» PROVIDED DATA
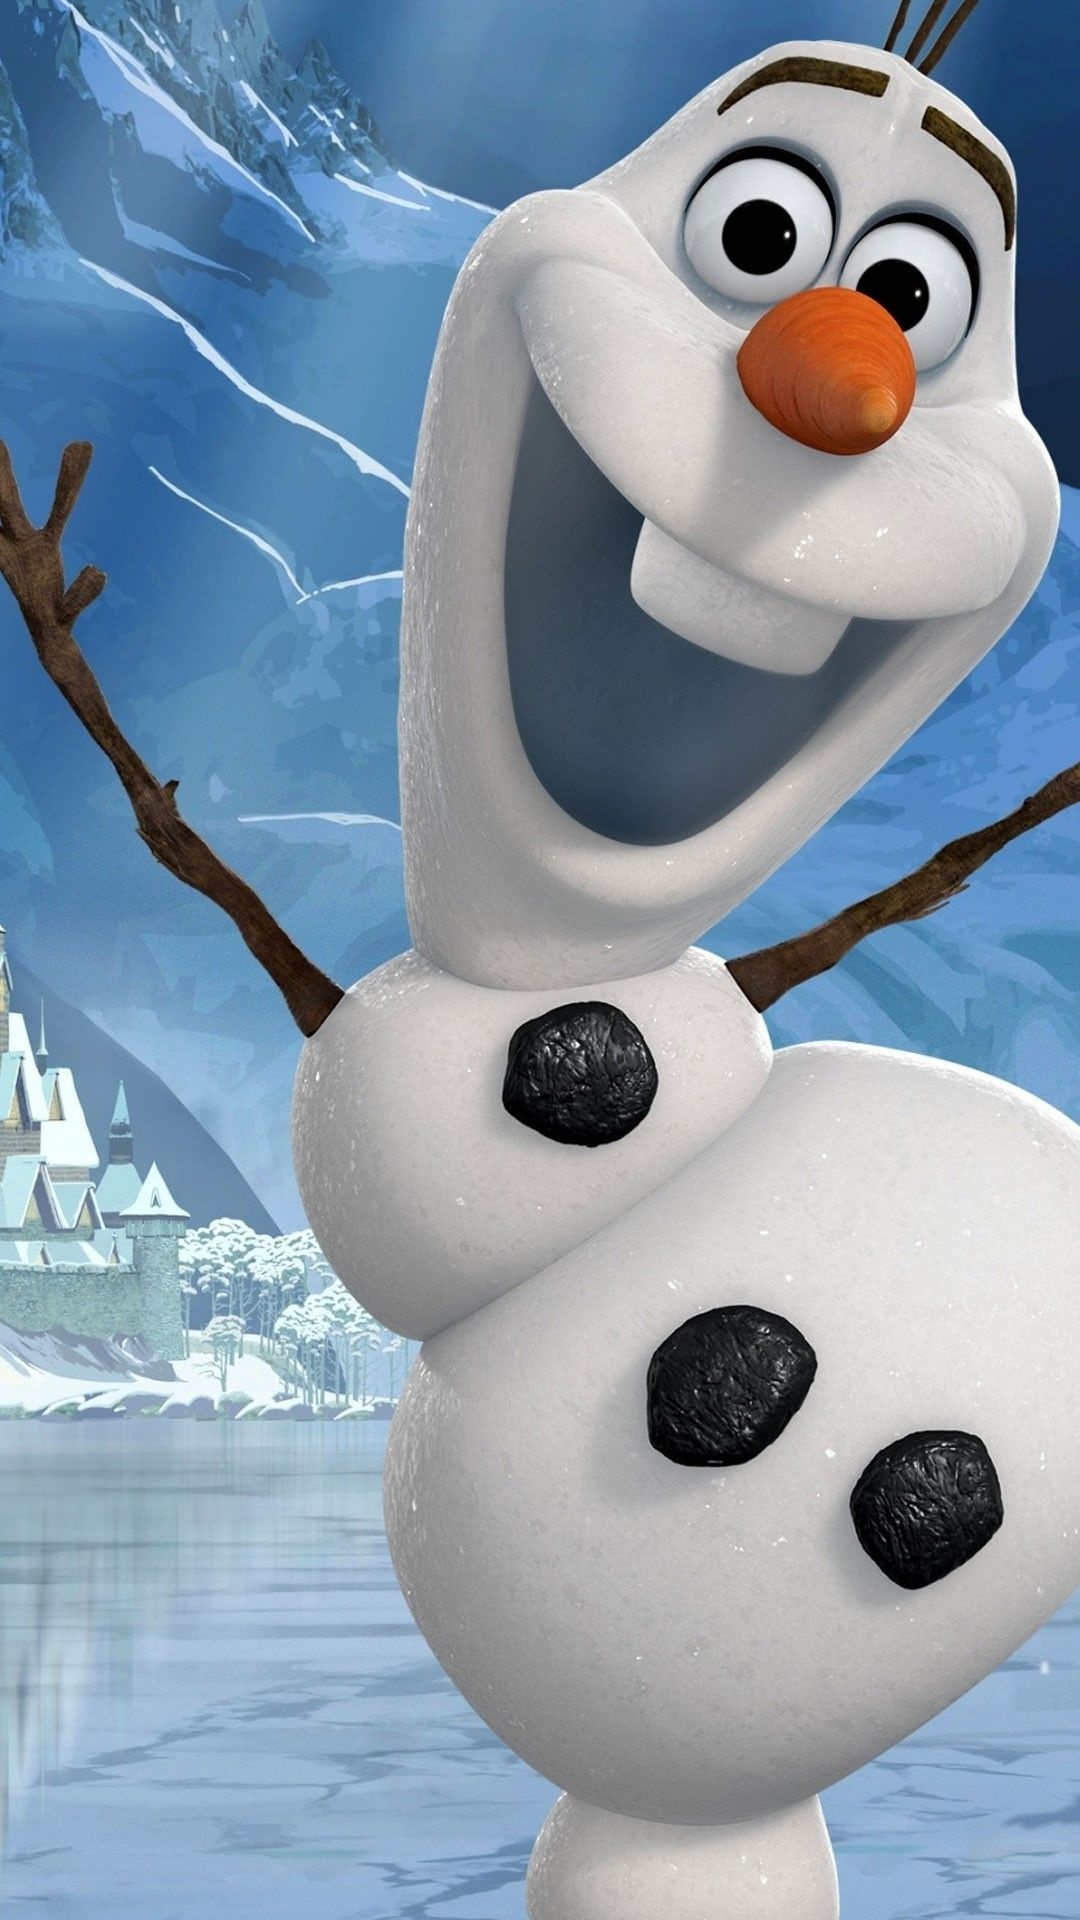 Frozen Olaf wallpaper, Images, iPhone 6 Plus wallpaper, Frozen, 1080x1920 Full HD Handy
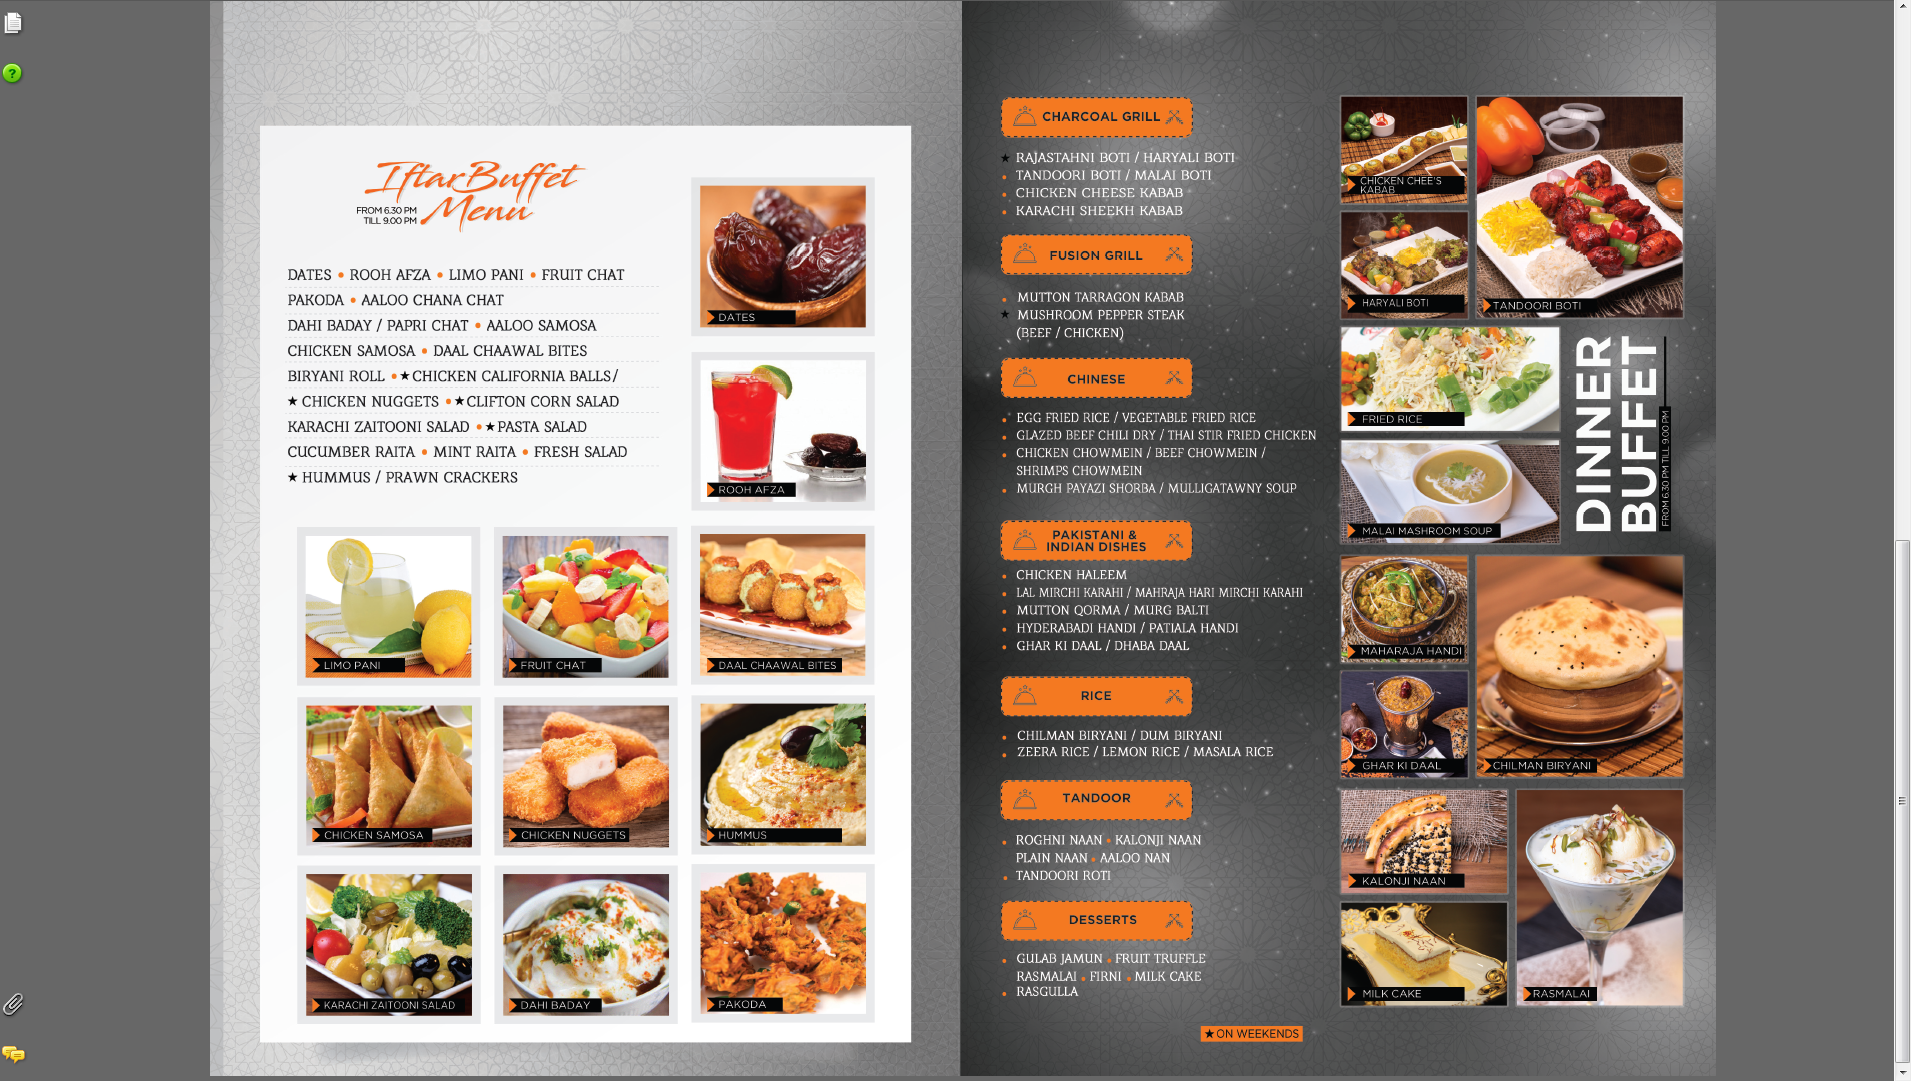 Karachi Grill Restaurant menu
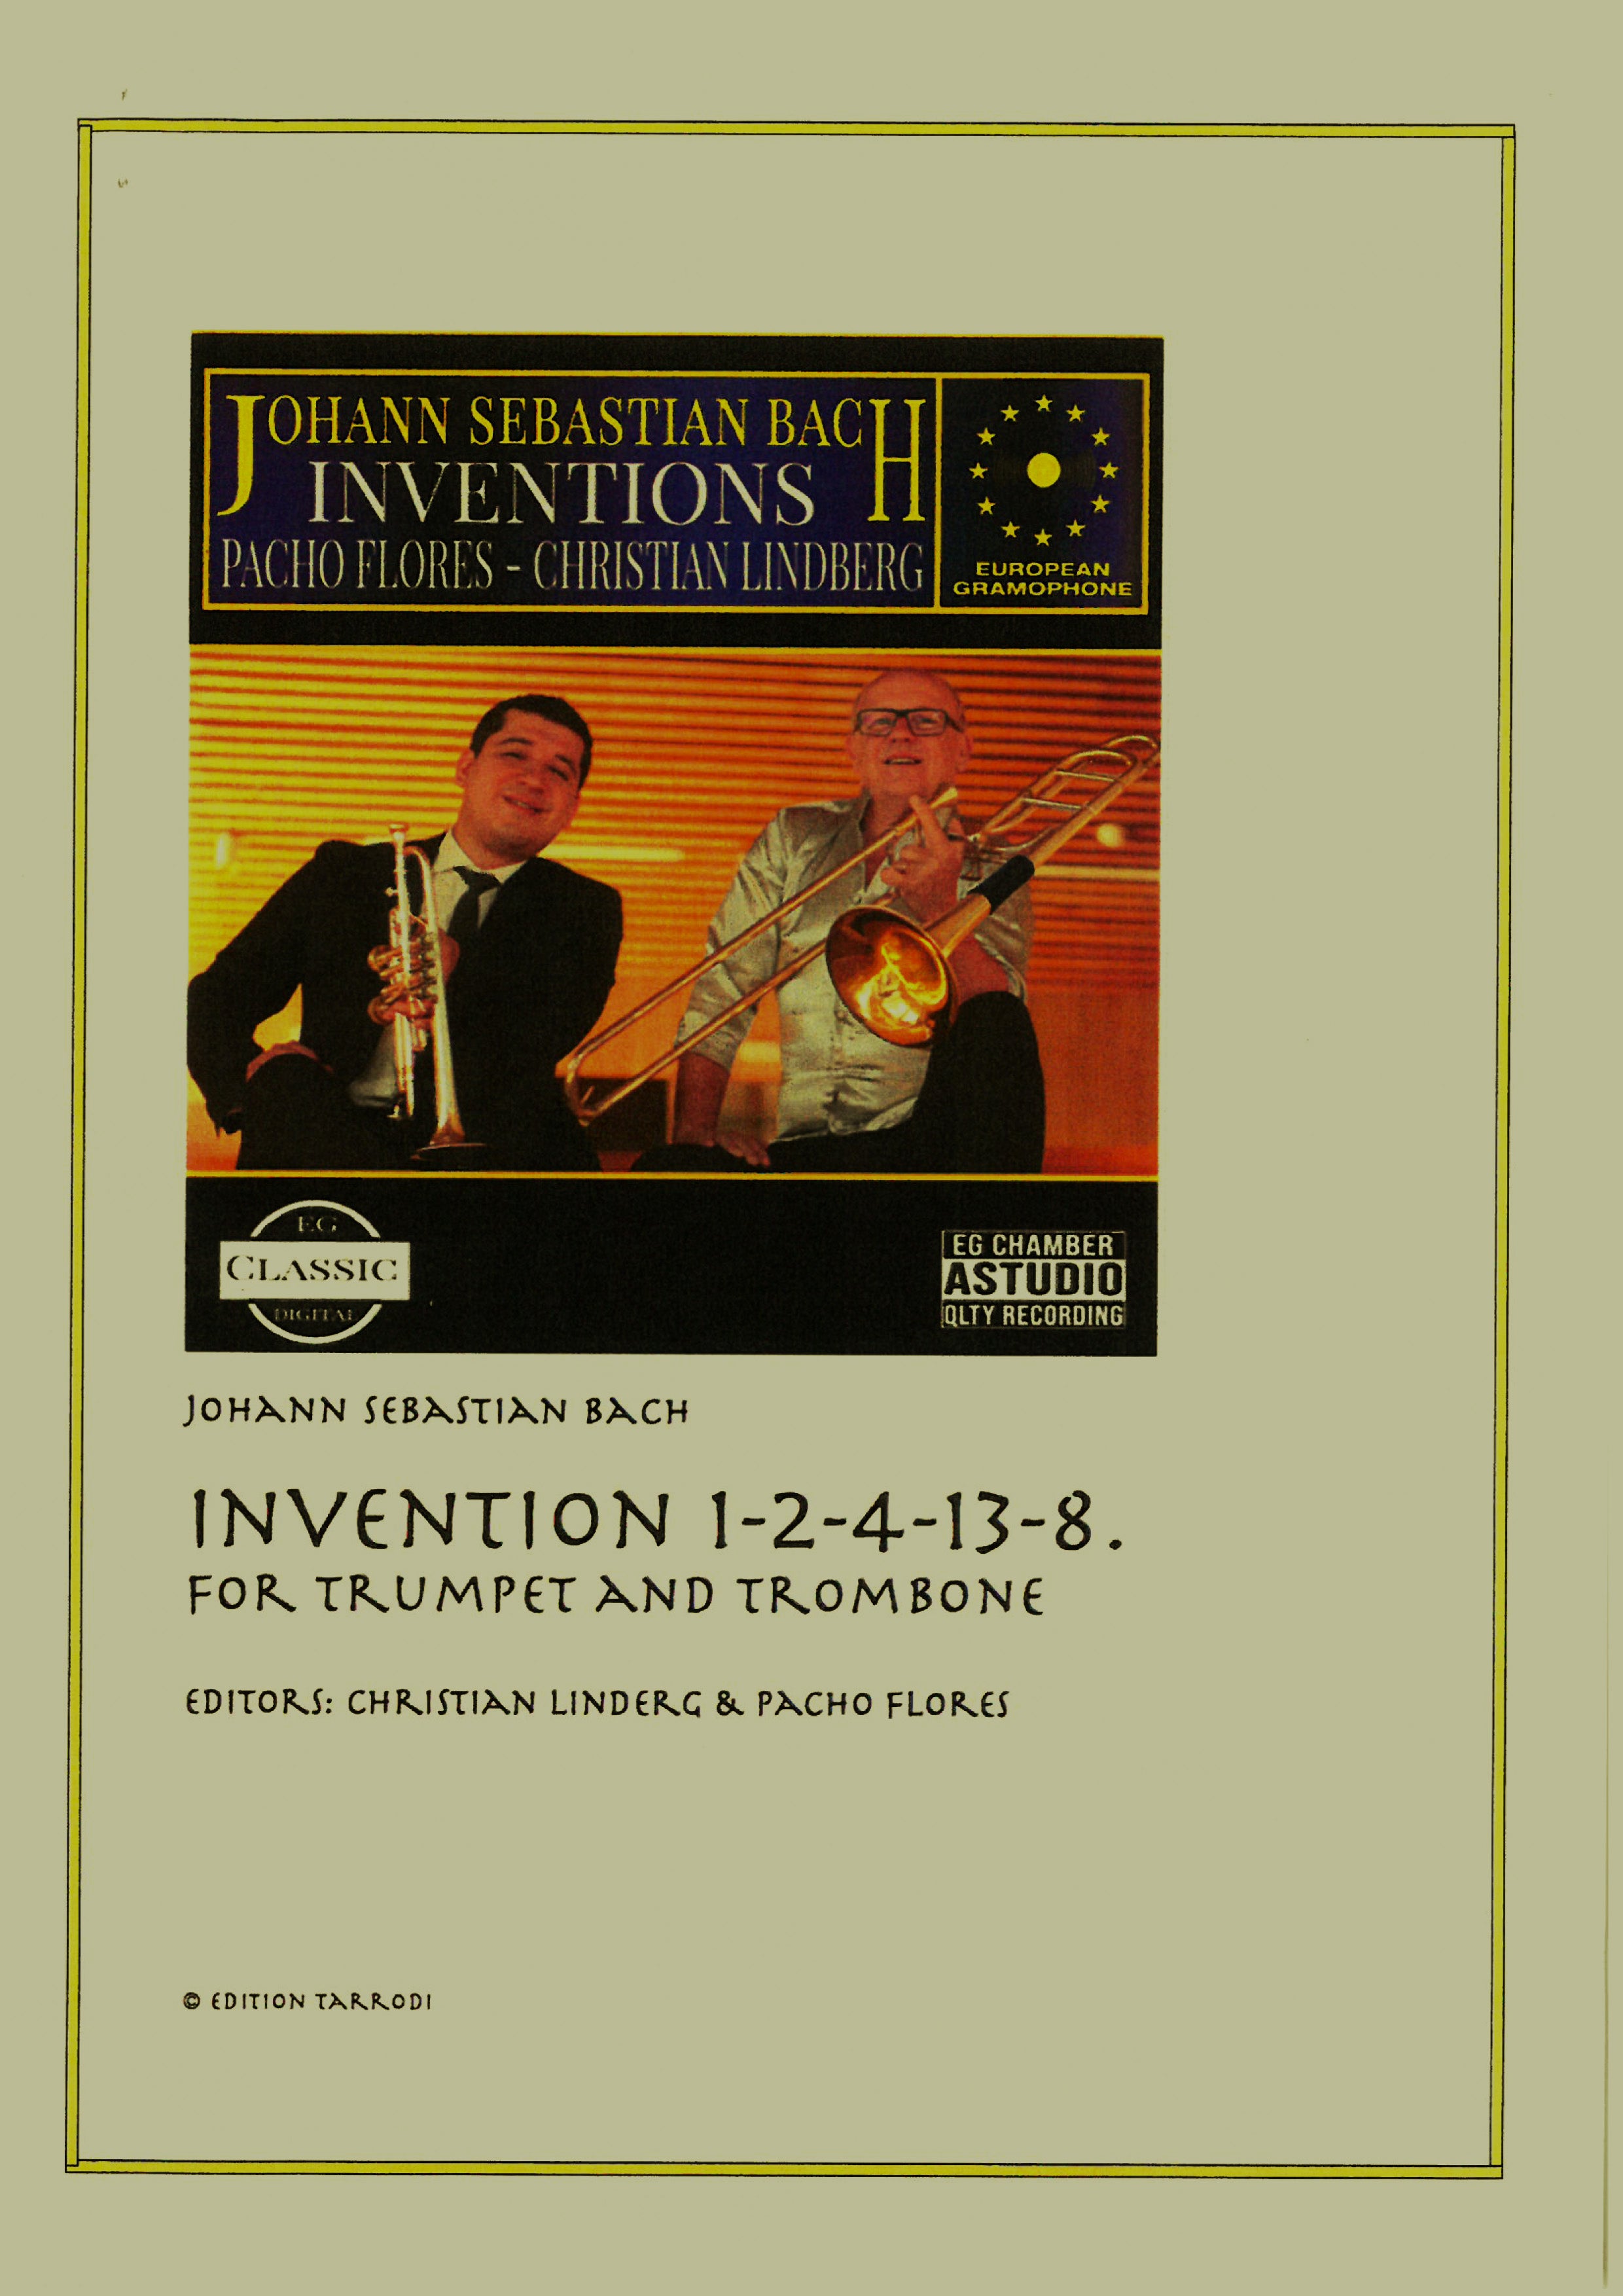 Christian Lindberg / Pacho Flores - Invention 1-2-3-13-8
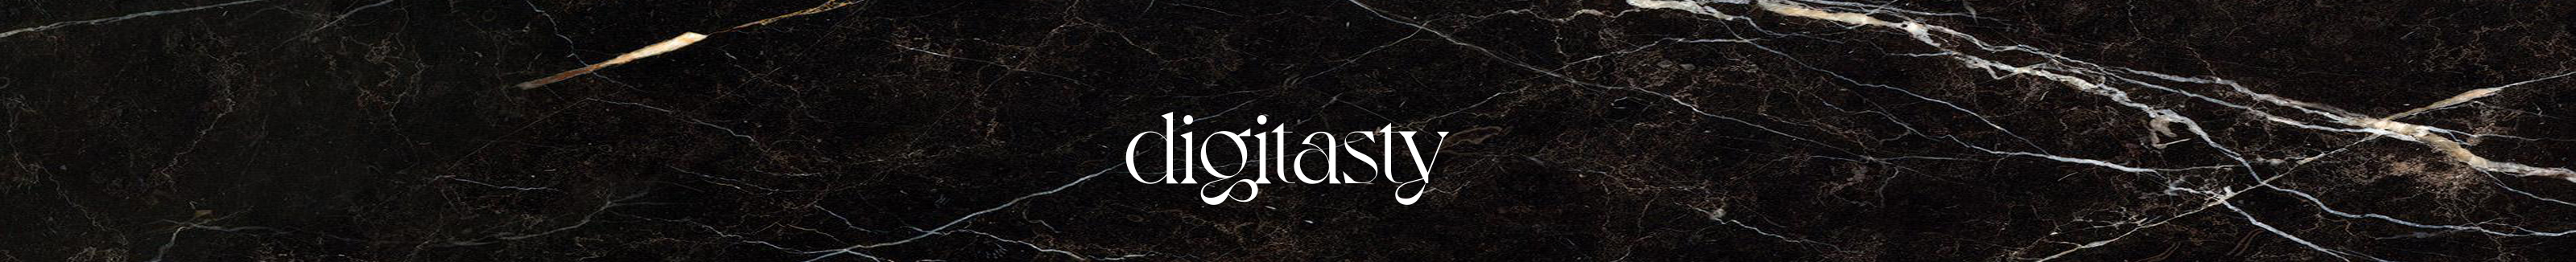 Digitasty Agency's profile banner

» TASK OBJECTIVE
Set the pictures aside and reproduce the data above exactly.

» RESPONSE TO THE EXERCISE
 Frozen Olaf wallpaper, Images, iPhone 6 Plus wallpaper, Frozen, 1080x1920 Full HD Handy
 Karachi Grill Restaurant menu
 Christian Lindberg / Pacho Flores - Invention 1-2-3-13-8
 Digitasty Agency's profile banner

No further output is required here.